The "donor" must execute the instruction to "donate" unless it is not active.
Typically the donor and donee cogs will be spaced by 4 slots.
But it is possible for 4 cogs to work in quads, spaced by 2 slots, or whatever the programmer decides.
Remember, this only works for specialised co-operating programs, and is organised between themselves
ie no other cog can interfere with this scheme
Why? Because I see some uses where special software can make enormous gains using this scheme.
Again I say, it does not impact any other software/cogs !
A couple of comments to previous posts...

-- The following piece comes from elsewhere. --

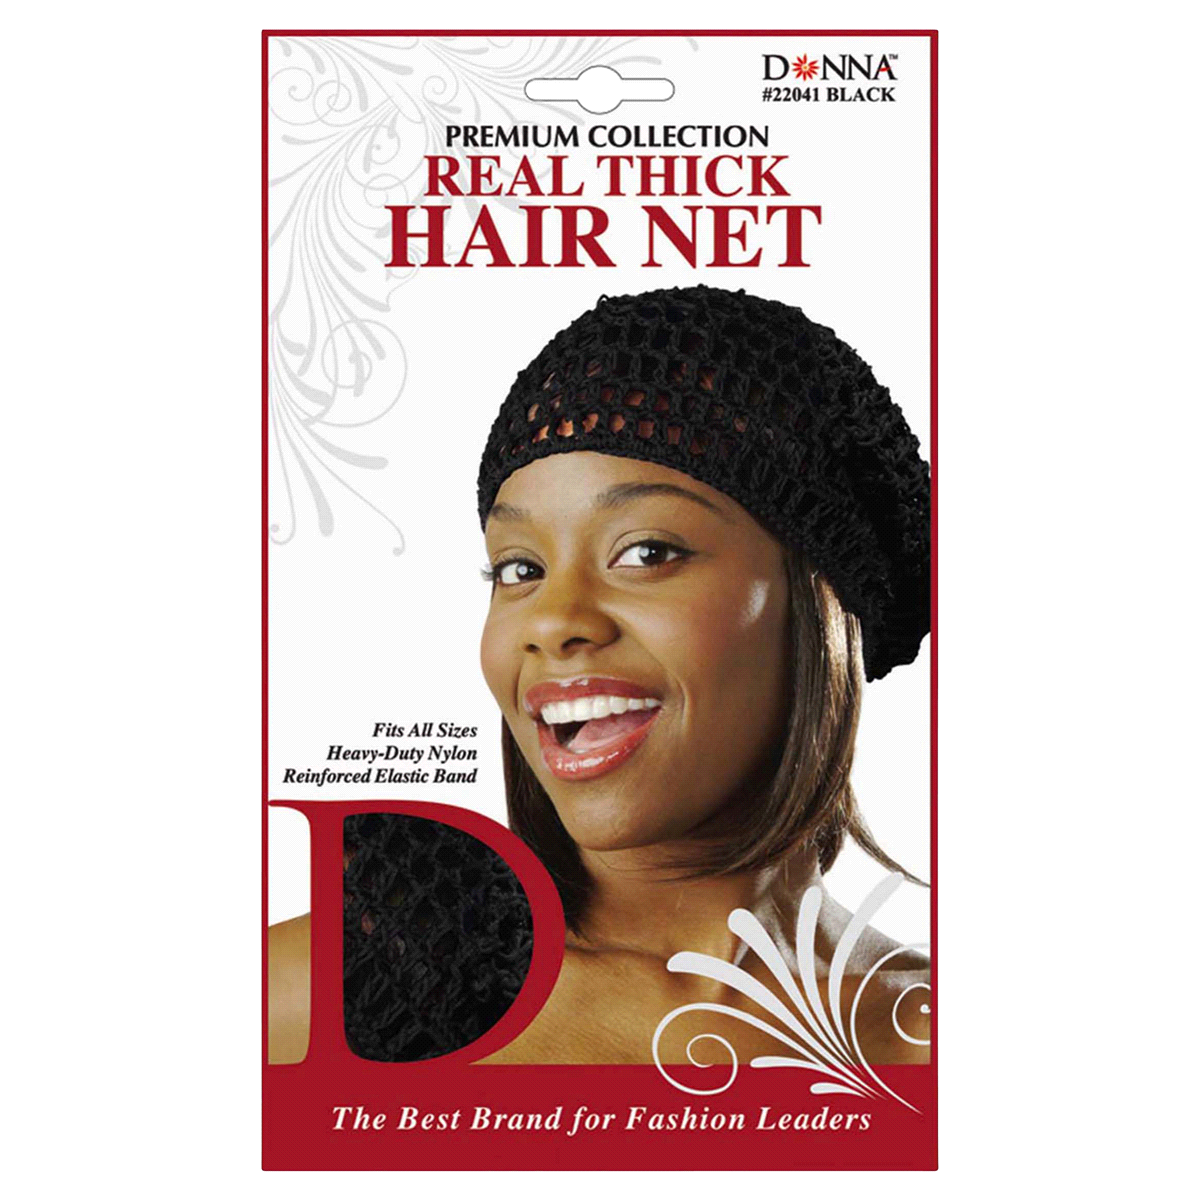 Donna real thick hair net

I don't see the requirement for special allocation of "unused" slots. I mean there is no need to remember which cogs had last use of any slots. We shouldn't get too hung up over who gets what extra unused slots. It will be some pretty smart program that would manage to hog all the unused slots for itself - we don't have to worry about viruses do we???
I actually see the main requirement being that a "green" cog can get its hub access earlier than it would if it has to wait for its own slot. Typically it will then not require its own slot, so that slot goes back into the pool.
No cog can be disadvantaged by this scheme! The worst case it that a cog gets its own slot every 8 slots, unless it specifically chooses to give priority to another cog.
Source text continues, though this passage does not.